Bombay Bicycle Club – So Long, See You Tomorrow
Es gab sie tatsächlich, die erste Minipause im Schaffen des Bombay Bicycle Club. Nachdem die Mittzwanziger zuvor drei Alben innerhalb von 25 Monaten veröffentlicht hatten, wurde durchgeatmet und Anlauf genommen. Die jungen Briten fangen quasi von vorne an und präsentieren ein Konzeptalbum, für das man eineinhalb Jahre und neue Ideen investierte. Keyboards, Loops und Synthetik sind ein fixer Bestandteil von „So Long, See You Tomorrow“, mit dem sich Jack Steadman und Konsorten von Indie, Akustik und Folk ein wenig distanzieren.
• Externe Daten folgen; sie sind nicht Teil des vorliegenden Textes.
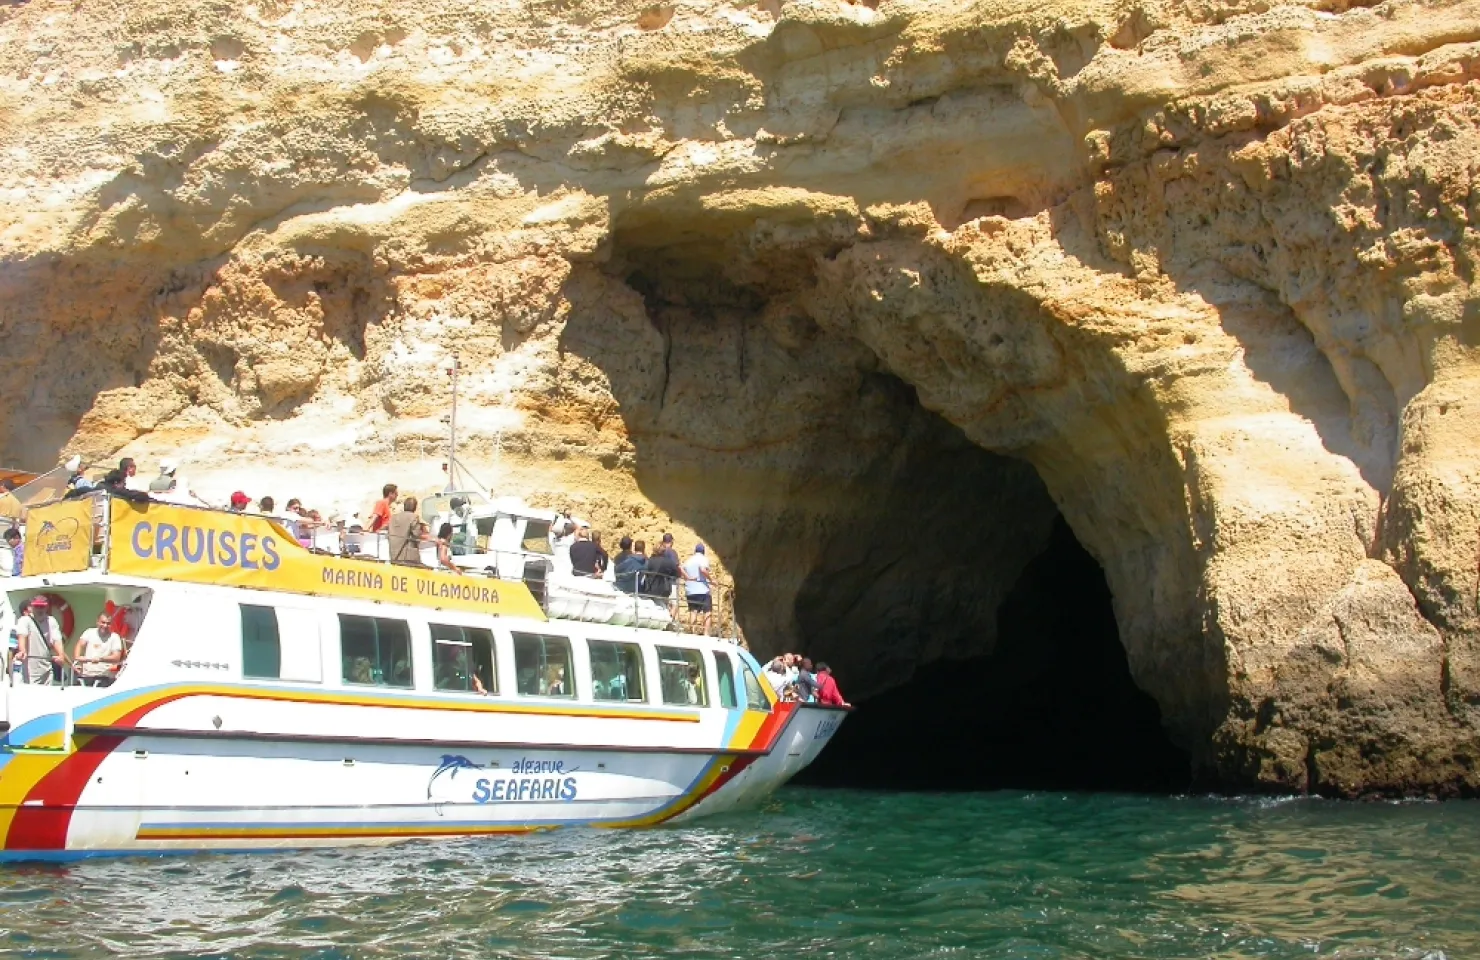 Algarve Sea Cave Tour - Vilamoura Activities Algarve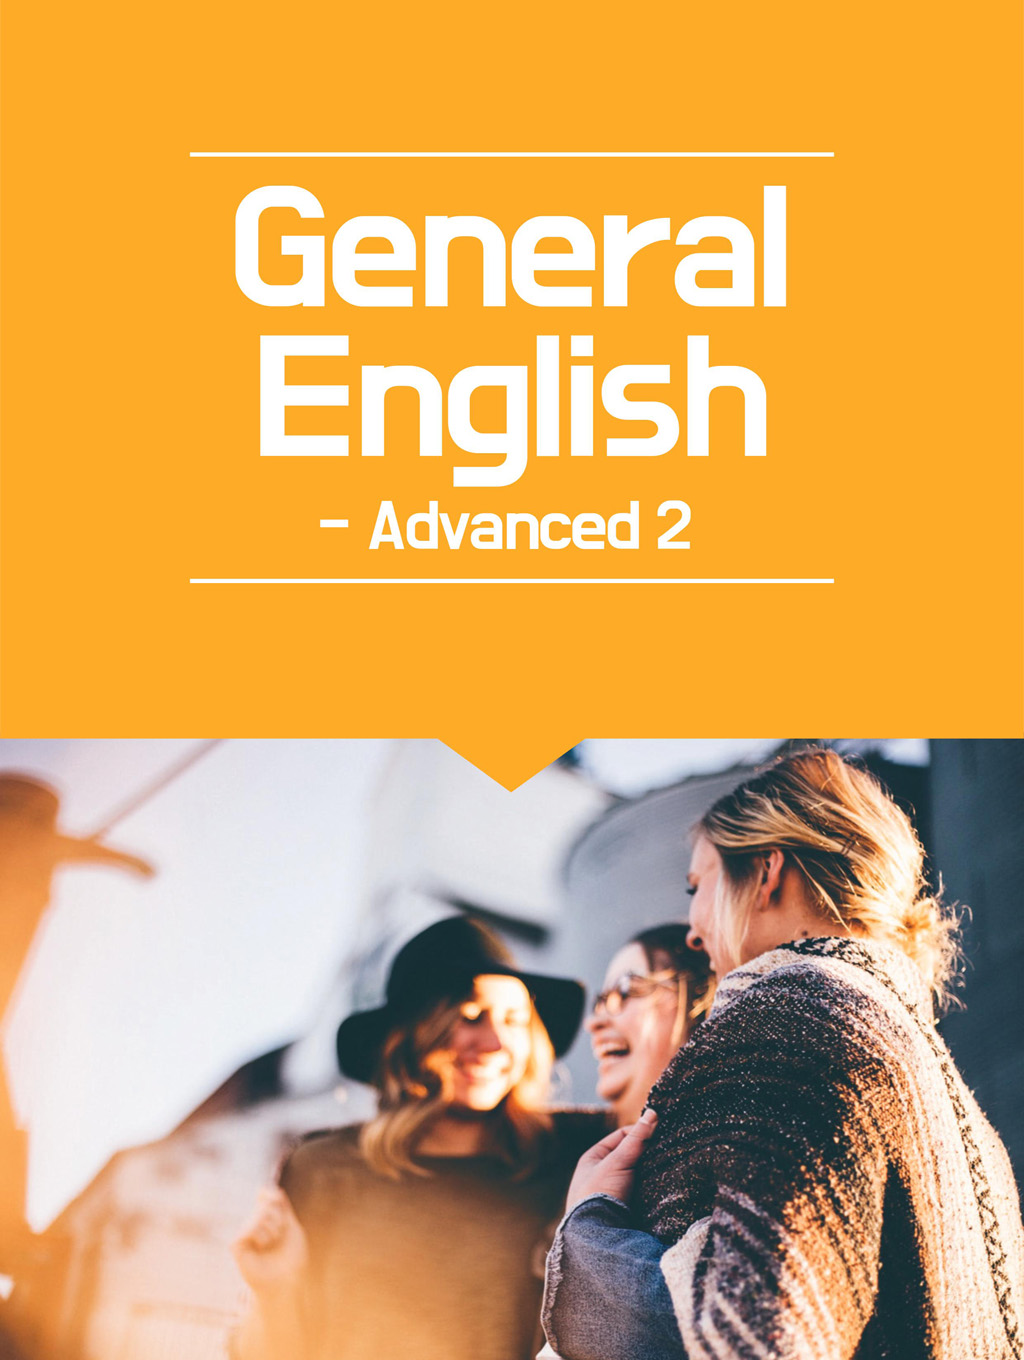 General English - Advanced 2

„Carry Me“ macht vor, wo das Quartett 2014 anzusiedeln ist. Dance-Punk-Rhythmik mit Math-Flair trifft auf Steadmans ätherische Vocals und feinsinnige Synthis, unterbrochen von Backings und einem ellenlangen Hot Chip-Part, während im Refrain Mantra-artig der Songtitel wiederholt wird. Kategorisieren lässt sich das nur schwer, Spaß macht es dafür erst recht. In eine ähnliche Kerbe schlägt „Feel“ mit seinen Streichern aus der Dose, getragen von karibischem Drum’n’Bass-Flair (klingt komisch, funktioniert aber) sowie einer bis zur Unkenntlichkeit entfremdeten Gitarren.
Während die einen noch Lambada tanzen, verlieren sich die nächsten bereits im schier endlosen „Whenever Wherever“, das den Bogen von 2Step über Gitarren- und Dream-Pop zur hektischen Indie-Hymne spannt und schließlich in sich zusammensackt. Im Loop-Meer von „It’s Alright Now“ scheinen abermals glockenhelle, ungewohnt reine Vocals durch, die entfernt an Jónsi erinnern, während auf instrumentaler Ebene einmal mehr gezeigt wird, wie Bombay Bicycle Club ihren Gitarren-Pop gegenwärtig denken – von zahlreichen Synthi- und Melodielinien gen Küste getragen.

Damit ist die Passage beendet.